You also might want to read up on moral relativisim. If I were a moral relativist, stating that what Bush did is as bad as what Che did would not grammatically make sense -- it would be like saying green is faster than red. You can disagree with what I wrote in my first post, but if you want to try to poison the well by tarring me as a moral relativist, you’re going to have to redefine what moral relativism is.
Of course, Che's offenses against humanity are even more stark when you consider that he was a medical doctor (though he didn't practice apparently) So much for that "first do no harm" stuff
I always find it amazing that whether it is cutting off heads, genitals or electric shock torture, that the left can excuse any behavior if performed by the right people, but Gitmo, with American health care, 4,000 calorie meals and freedom of religion is apparently a carnal house of horrors.
Get ready for an even greater wave of Che hysteria amongst our fine, upstanding college students.
Steven Soderberg is filming a blockbuster biopic about Che with Benicio Del Toro in the lead role in what is already being criticized as an overly flattering portrayal.
Perhaps I cast too harsh a brush by using the term moral relativism--in that the term is usually defined as saying that there are no universal truths and we cannot judge another society based on our own concept of what is just.
However, to equate opposing stem cell research with Che's monstrous crimes basically seems to take the position that we cannot judge evil because our policies are evil.
Sorry, I don't buy it. To change the focus slightly, by your rationale, Harry Truman is as monstrous as Che because he ordered the dropping of two atomic bombs to end World War II. Frankly, there is no comparison--and I doubt many others would disagree with me, either.
This sort of stuff is a matter of revolutionary virility.
It's a turn-on.
It's like having real testicles by proxy.
I'm bad. I know I'm bad. You know I'm bad. I'm a bad ass.
And if I don't actually have what it takes, at least I have a Che tee to pretend.

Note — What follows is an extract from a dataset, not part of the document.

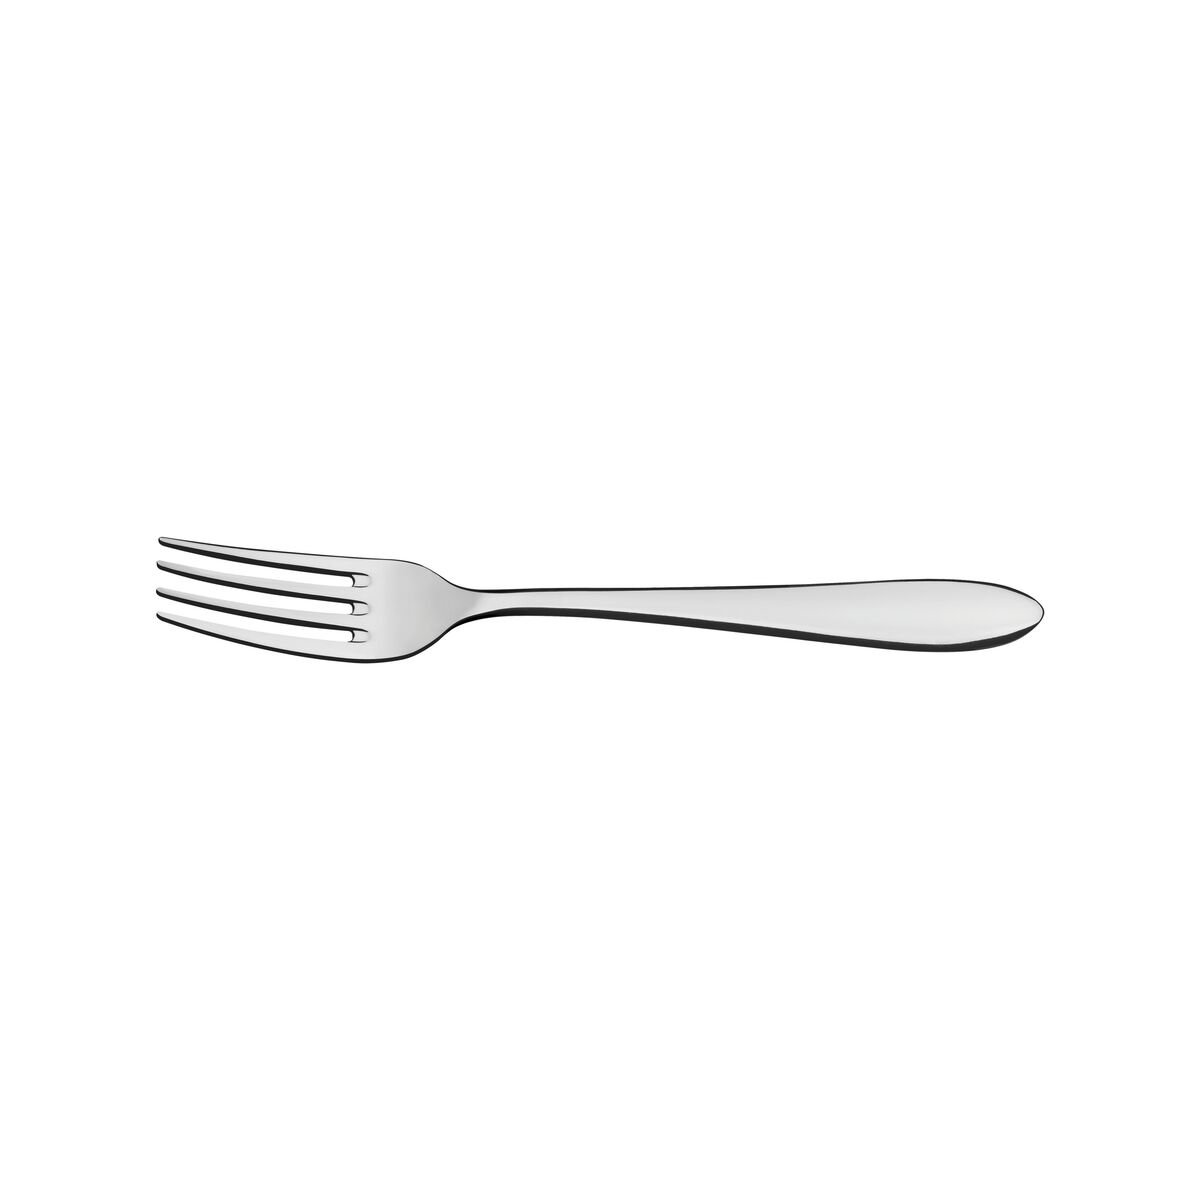 Tramontina Satri stainless steel dinner fork

As you have noted, lefty violence is celebrated. Mass murders by enemies of the US--great. See the massacre at Hue and the left's view.
Or the Killing Fields.
Don't think exposing Che's misdeeds would make him less popular.
The opposite would be true.
Therefore, the claims of Richard Aubrey and the Drill SGT--that "the left" can excuse any crimes if committed by individuals favored by the left--are patently ridiculous. Both of you need to go to the hardware store and pick up a smaller paintbrush, please.
frankcross, that made my day.
Mao---um, still an icon, but getting there. After he's been dead a few more years, he may be condemnable by the left.
Ho and Che? Nope.
Mugabe...not a chance. He has too much WCC lipstick on his skinny ass.
DCP, doesn't surprise me...he's already shown himself to be a naif with his treatment of Potsdam in The Good German.
Secondly, I never “equate[d] opposing stem cell research with Che’s monstrous crimes.” Perhaps it makes you feel better to recast my argument to make it appear absurd. Perhaps my argument itself is absurd -- I would obviously disagree -- but it appears as though you’re not capable of actually debating what I said. In the case, I see little reason to continue this discussion.
Your own example is anecdotal in addition to being retrospective. Apologetics forwarded, even in the very midst of episodes such as the French Terror, Stalin's Soviet, Mao's China, Uncle Ho's North Vietnam, Pol Pot's Cambodia - to name only some of the more conspicuous examples - hardly supports the notion of your "patently ridiculous" dismissiveness. No one is remotely suggesting every leftist consciously supports terror and mass murder (certainly not retrospectively); rather people have taken note of the empirical evidence, the historical record, which evidences the Left's hecatombs, their methodical terror and their brutal oppressions - together with the attendant apologetics, evasions and rationalizations.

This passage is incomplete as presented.